El gesto es inconfundible, está peinando una barba imaginaria, una mímica que durante años han utilizado los cubanos para hablar mal de Fidel Castro y no delatarse. A falta de palabras, Posada ha copiado el gesto para referirse a su principal enemigo, el tipo que le ha obsesionado por los últimos 57 años.
Yo vine buscando develamientos que definieran su posible participación en la voladura de la nave de Cubana de Aviación aquel lejano octubre de 1976, o en las explosiones que asolaron los hoteles de La Habana en 1997. Pero Luis Posada Carriles no tiene nada nuevo que decir, guarda los alientos finales para continuar su batalla personal contra el líder de la revolución cubana.
La meta ahora no es matar a Fidel Castro, para ganar la partida ya no necesita bombas ni fusiles de francotirador, basta con sobrevivir, conseguir quedar en pie cuando el otro muera, perdurar aunque sea por unos minutos más.
Pero se le hace difícil resistir en este último round, asalto final entre dos ancianos que pueden ser traicionados por sus cuerpos en cualquier momento.
Me recuerdan los contrincantes de un cuento de Borges que compiten aun en su agonía, porque el verdugo les degüella a la misma vez y los invita a escenificar su última carrera.
Por lo pronto la enfermera nos bota en buen cubano, "permisito caballeros, vayan saliendo que lo tengo que bañar".
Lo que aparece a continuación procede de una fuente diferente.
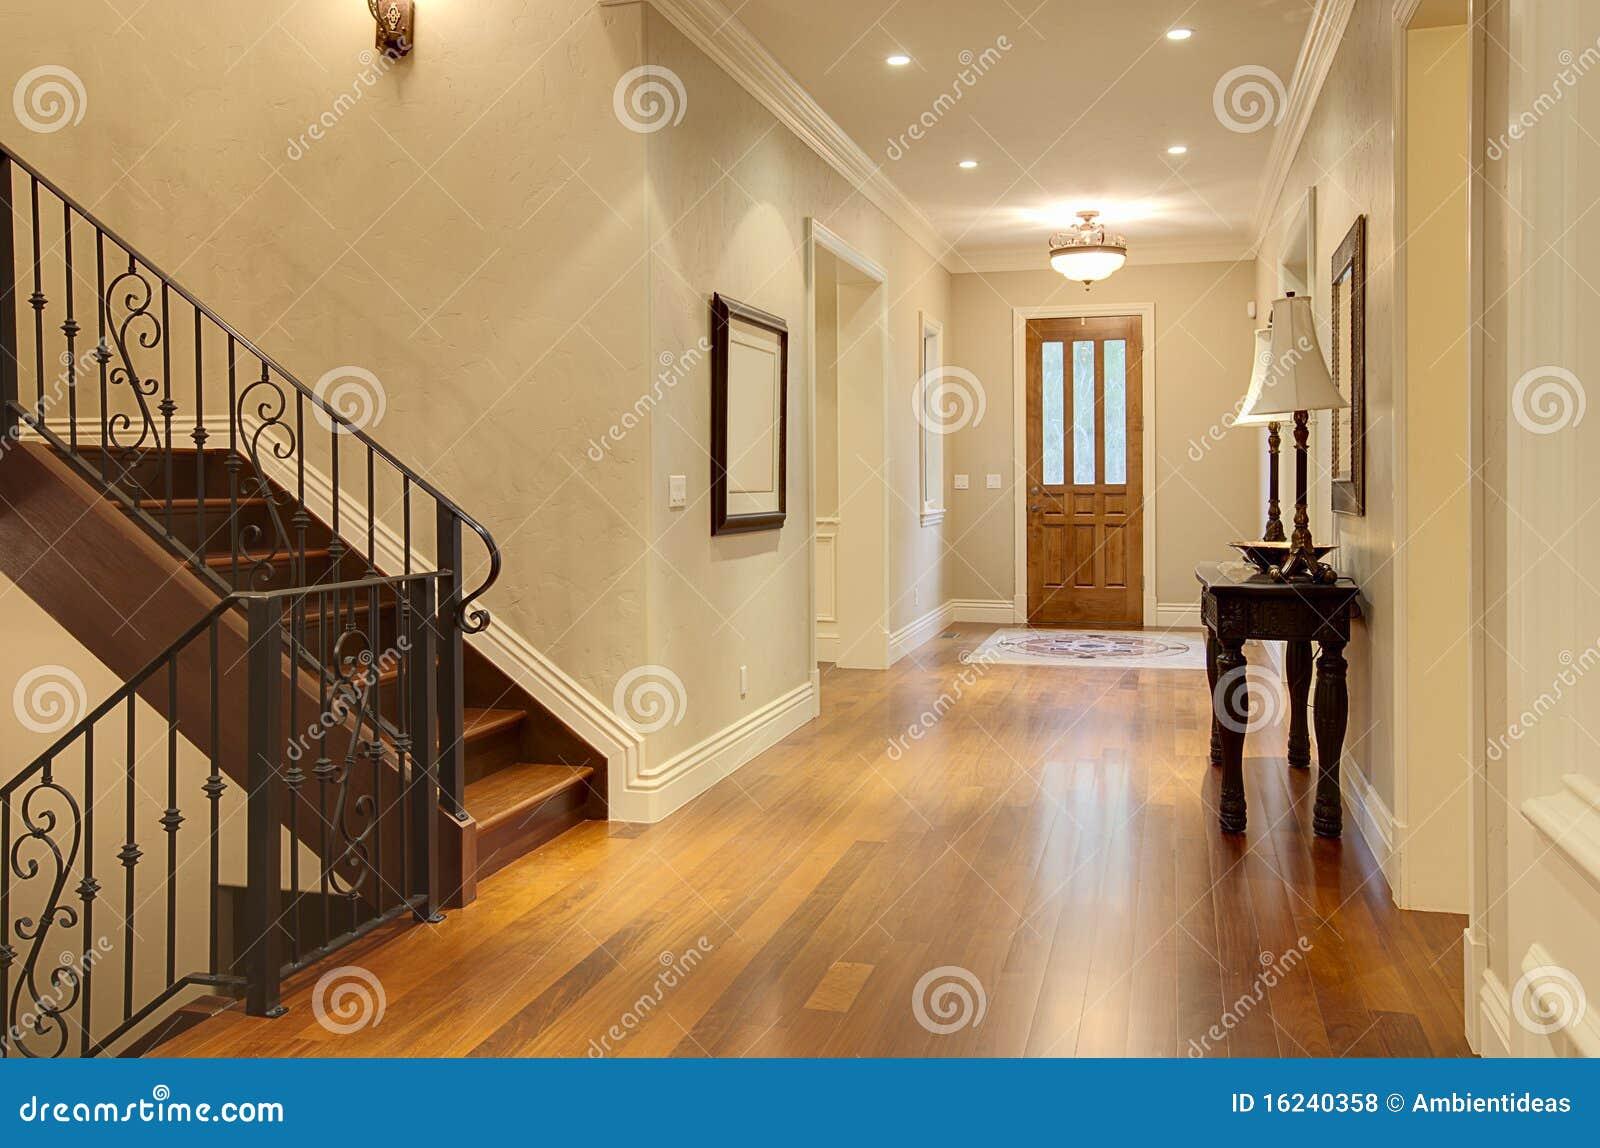 Luxury Home Hallway Entrance Stock Photo Image 16240358

Posada me despide desde el camastro que la enfermera ha comenzado a envolver con una cortina corrediza. La mujer lo va desapareciendo a la vista de todos, aislándolo dentro del ovalo de nylon que cuelga del techo y que parece más telón y artesonado de un circo ambulante que la bañera improvisada de un cuarto de hospital.
Allí queda, tranquilo, sumiso, tosiendo, dejando a otros hacer.
Quizás no se percate de la similitud de este acto con el final de sus días.
Quizás Posada no entienda que vive el capítulo final de su historia, una novela que ahora mismo nadie quiere leer, muchos porque la rechazan, otros porque, con razón o sin ella, le temen.